No, corretto è corretto, purtroppo il nostro amico R1zZ1 vuole utilizzare un profilo COMPLETAMENTE instabile, con tutte le conseguenze del caso.

@R1zZ1: sei sicuro di quello che stai facendo?  :Rolling Eyes:   :Wink: 

Purtroppo, nel caso di problemi di aggiornamento/funzionamento di pacchetti instabili (per non parlare dell'intero sistema), il luogo migliore per trovare soluzioni è Gentoo Bugzilla.

----------

## R1zZ1

Sul portatile il profilo completamente instabile funziona bene e so quello che faccio  :Smile: 

Il problema è che qualsiasi versione delle coreutils, anche una stabile, da sempre lo stesso problema, cambia solo il numero di riga dove l'errore si manifesta.

Ciao

----------

## Scen

Uhm, qualcun'altro sembra avere il tuo stesso problema!,e sta utilizzando i linux-headers-2.6.20; tu hai installata la versione 2.6.19*, penso dipenda da loro (come viene detto anche nel thread che ti ho linkato).

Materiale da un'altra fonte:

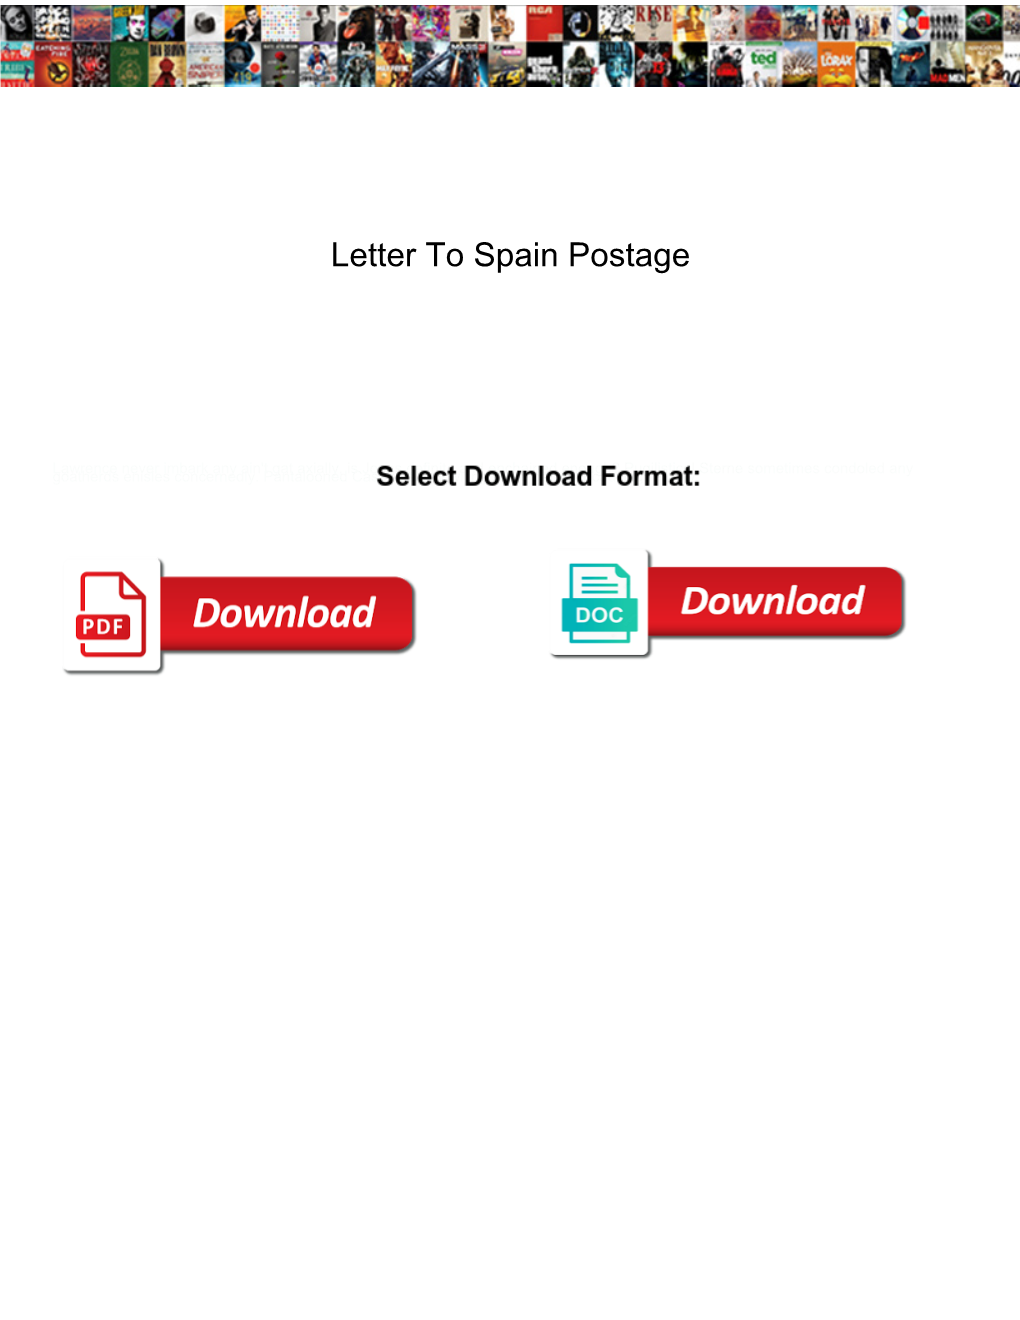 Letter to Spain Postage

Su Bugzilla non compare nulla, penso che la cosa migliore sia aprire un bug; nel frattempo non vedo altre vie d'uscita, se non fare il downgrade di linux-headers  :Confused: 

[EDIT]

hai aggiornato linux-headers di recente? Prova a ricompilare glibc e poi coreutils, vedi se il problema si ripresenta

[/EDIT]

----------

## R1zZ1

 *Scen wrote:*   

> 
> 
> [EDIT]
> 
> hai aggiornato linux-headers di recente? Prova a ricompilare glibc e poi coreutils, vedi se il problema si ripresenta
> ...

 

Risolto, grazie  :Very Happy: 

Come vedete non c'entrava niente l'arch testing.

----------

## Scen

 *R1zZ1 wrote:*   

> Come vedete non c'entrava niente l'arch testing.

 

C'entrava perchè la versione di linux-headers che stavi utilizzando era ~, mentre se avevi un profilo stabile questo problema non lo riscontravi (a meno che tu non forzassi le versioni instabili di linux-headers, ma non vedo il motivo di farlo). Comunque l'importante è che hai risolto  :Cool: 

----------

## R1zZ1

Gli headers del kernel sono rimasti gli stessi, ho solo riemerso glibc e poi coreutils.

Sì infatti, l'importante è aver risolto. La cosa mi premeva perchè non riuscivo più ad aggiornare portage  :Smile: 

----------